DES RÉFORMES TÂTONNANTES
La baisse des dépenses publiques est une préoccupation de longue date dans l’Hexagone. Sous la présidence de Nicolas Sarkozy, la Révision générale des politiques publiques (RGPP) – renommée Modernisation de l’action publique (MAP) sous le quinquennat de François Hollande – atteste déjà d’une volonté de réduire les coûts de fonctionnement des services publics. Dans son programme, Emmanuel Macron s’est engagé à diminuer la dépense publique de trois points d’ici 2022. Un objectif jugé raisonnable par les économistes de France Stratégie, selon une note publiée en mai.

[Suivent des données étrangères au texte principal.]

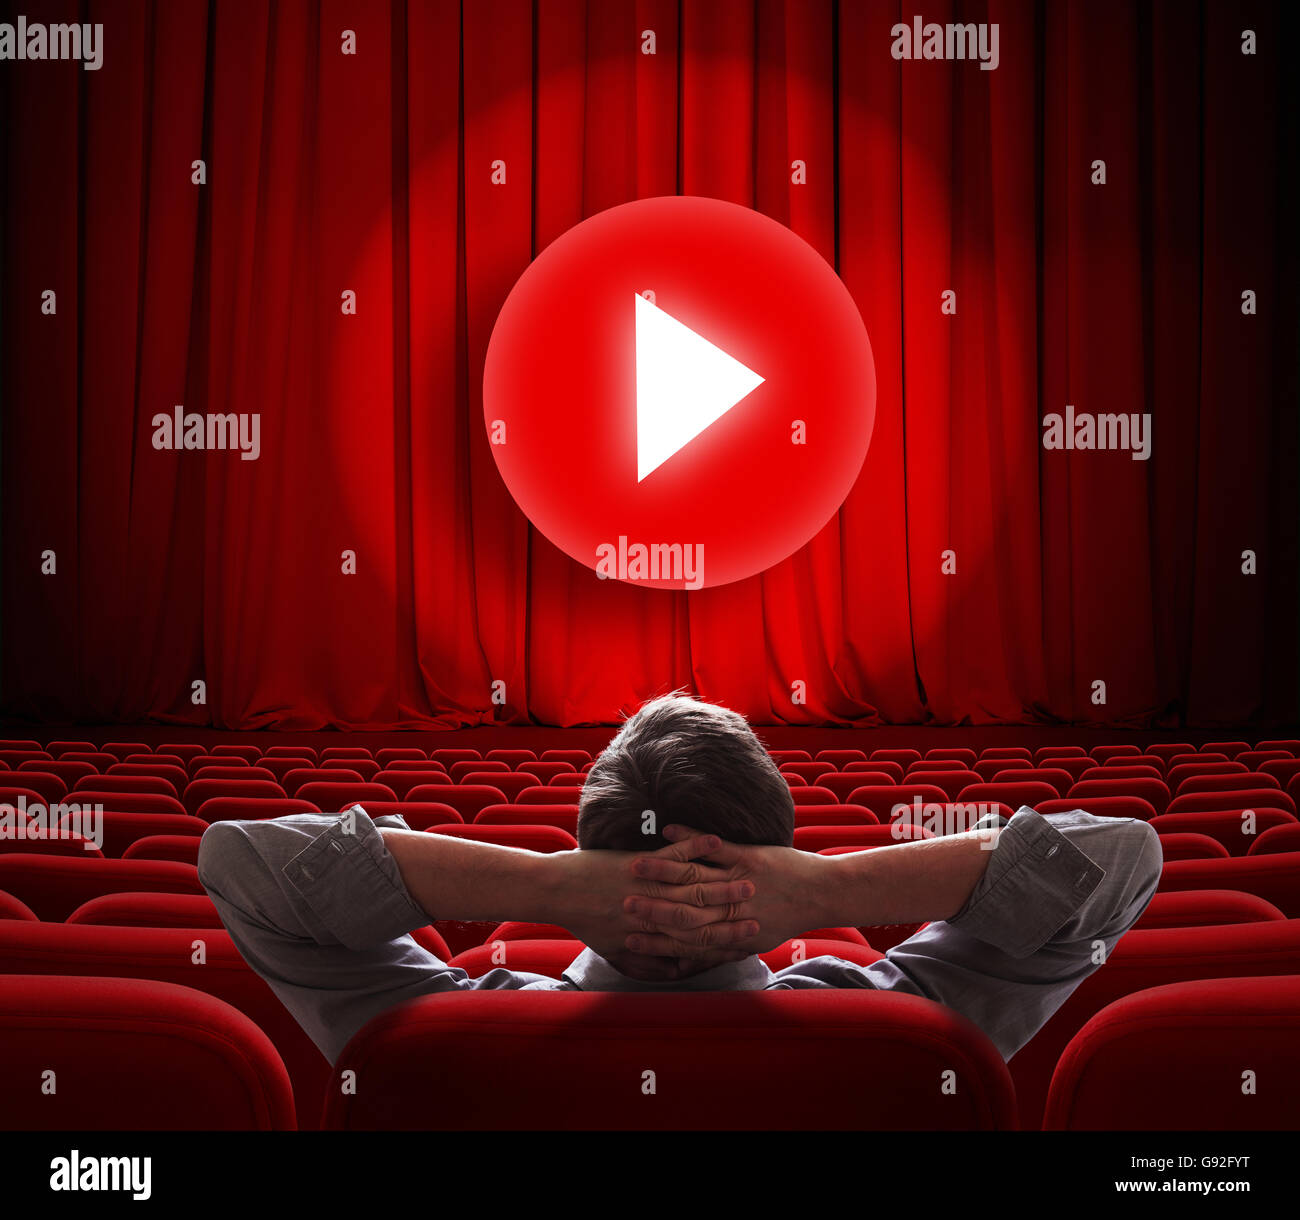 Online-Kinoleinwand mit roten Vorhang und Medien Wiedergabetaste in Mitte Stockfoto
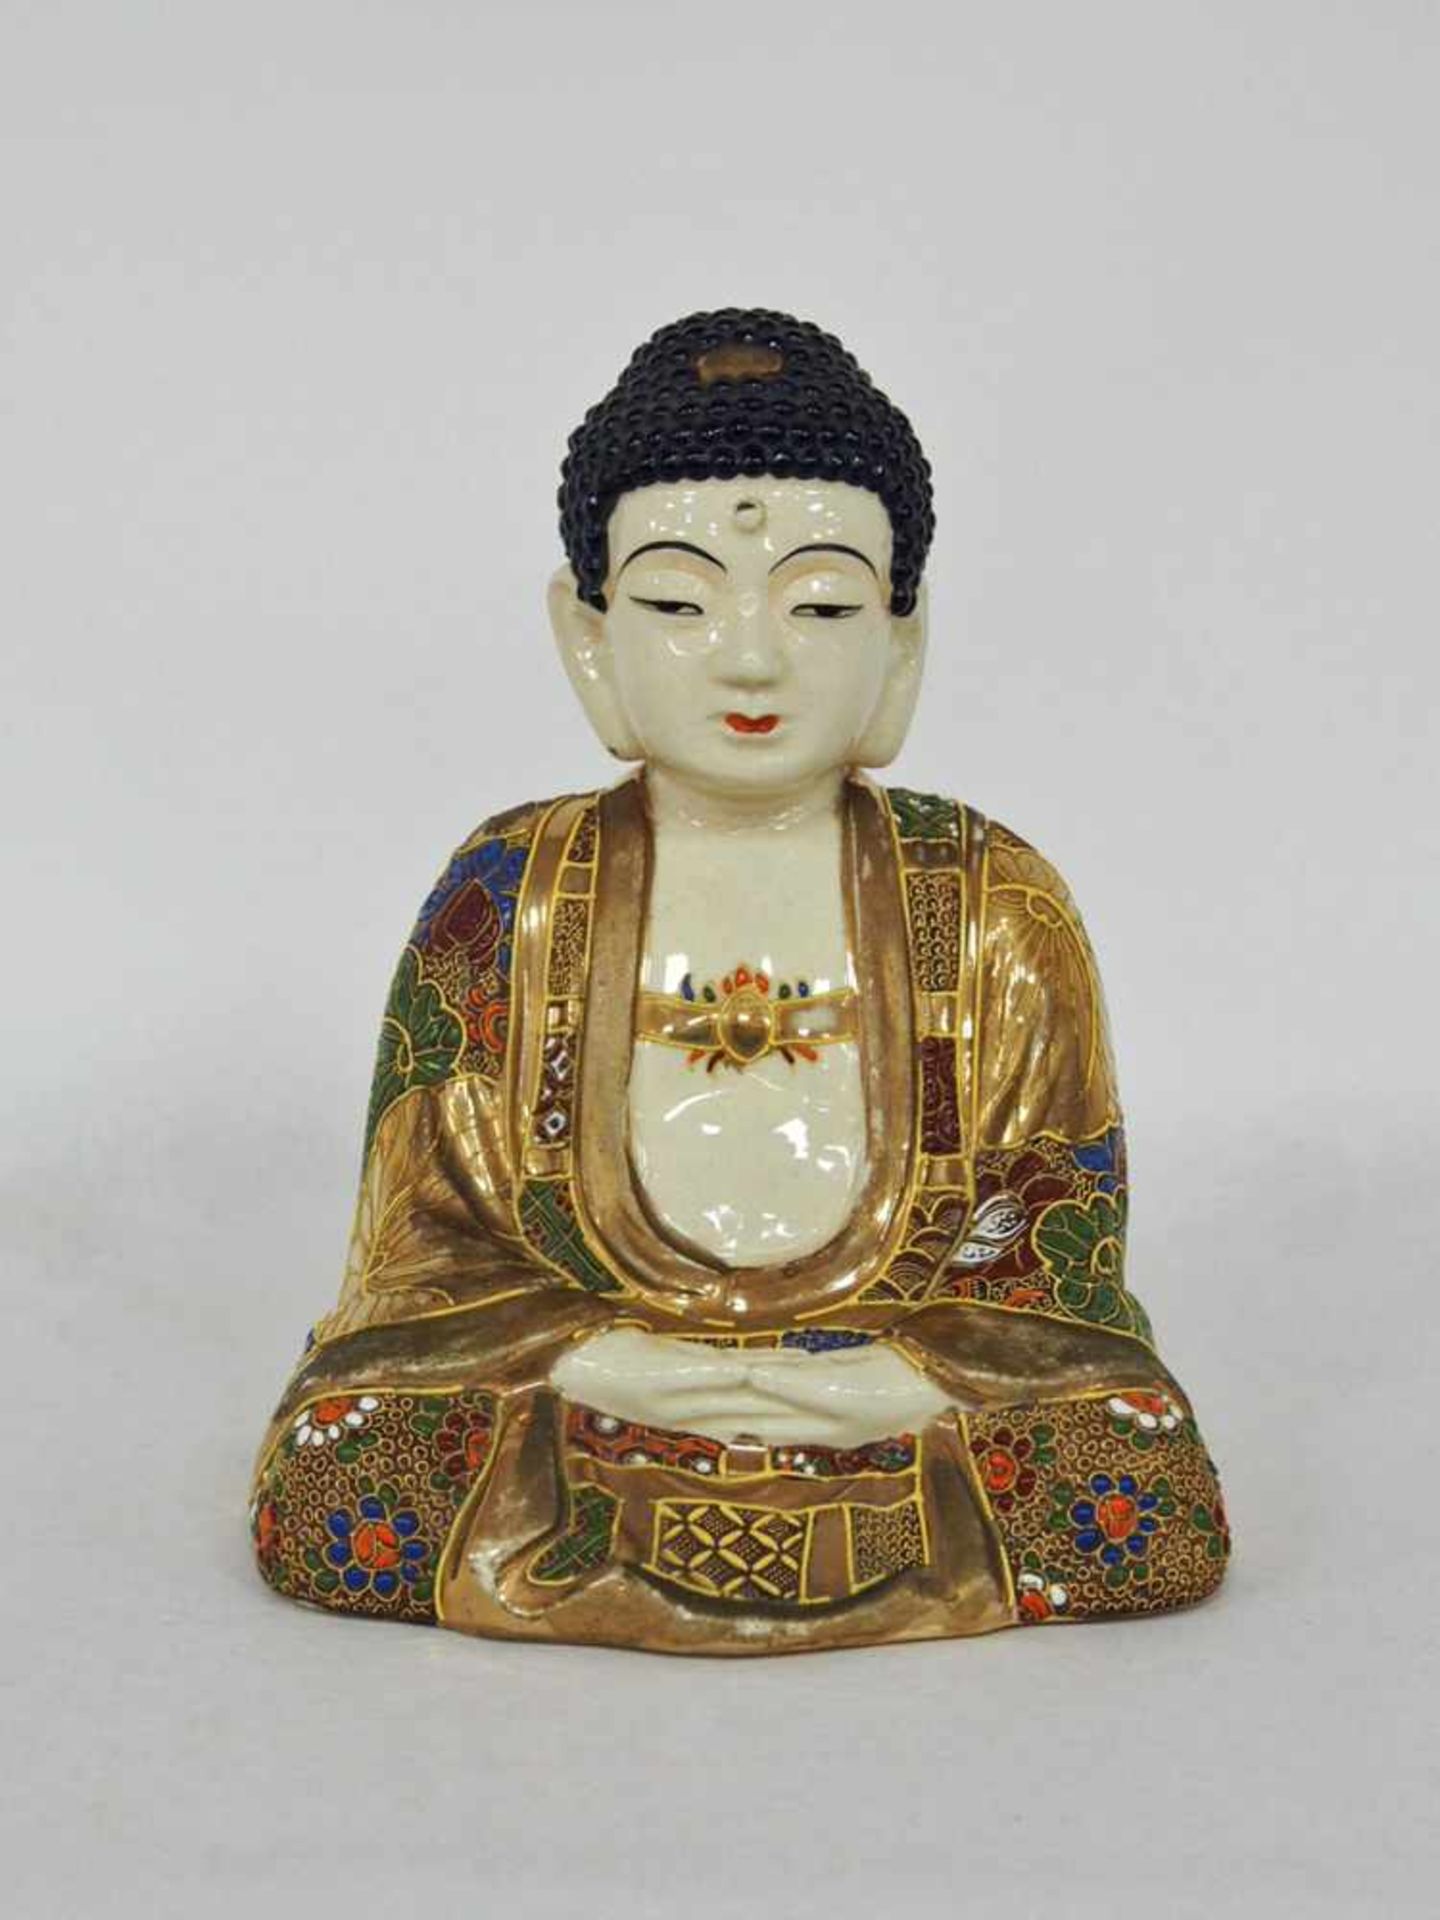 BuddhaPorzellan, bemalt und vergoldet, bodenseitig signiert, Japan, um 1900, Höhe 23 cm- - -25.

Mais des désaccords émergent quant aux secteurs qui devraient être touchés par une réduction des coûts. Ni les Français entre eux, ni le gouvernement ne semblent trouver de consensus. C’est ce dont témoignent les nombreux reports du Comité action publique 2022 (CAP22), qui prévoyait une réduction de 30 milliards d’euros des dépenses publiques. De surcroît, il rappelait la promesse d’Emmanuel Macron lors de sa campagne présidentielle de supprimer 120 000 emplois de fonctionnaires. La date de publication du CAP22, attendue pour la fin du 1er trimestre de l’année 2017, a été reportée une nouvelle fois le 6 juin dernier. Le gouvernement ne veut pas brusquer l’opinion publique. En effet, comme l’ont montré les réactions à la suite de la réduction de cinq euros des Aides personnalisées au logement (APL), les contestations peuvent être fortes lorsqu’il s’agit de réduire les aides sociales.
Entretien croisé avec François Ecalle et Henri Sterdyniak, économistes
François Ecalle est ancien membre du Haut Conseil des finances publiques (HCFP) et président du site d’informations sur les finances publiques Fipeco. Henri Sterdyniak est économiste à l’Observatoire français des conjonctures économiques (OFCE) et cofondateur des Économistes atterrés. Ces deux experts nous donnent leur point de vue sur la situation actuelle délicate concernant la réduction de la dépense publique
L’Essentiel des relations internationales : Pourquoi est-ce si difficile et paraît-il si urgent de réduire la dépense publique en France ?
François Ecalle : C’est difficile partout dans le monde : chaque euro de dépense publique va dans la poche de quelqu’un, soit un ménage, soit une entreprise, et de manière générale si les gens sont d’accord pour dire qu’il faut réduire les dépenses publiques, ils ne veulent pas en faire les frais eux-mêmes. Ce qui est par contre spécifique à la France, c’est qu’il n’y a pas de vrai consensus en réalité pour réduire les dépenses publiques. Une bonne partie des économistes français, de l’intelligentsia française donne une image positive de la dépense publique en expliquant qu’elle permet d’avoir de bons services publics, de redistribuer les revenus, d’assurer les gens contre le chômage, les maladies, etc. En revanche, dans beaucoup d’autres pays, il y a davantage un consensus sur le fait que c’est nécessaire de la réduire parce que les prélèvements obligatoires sont trop élevés.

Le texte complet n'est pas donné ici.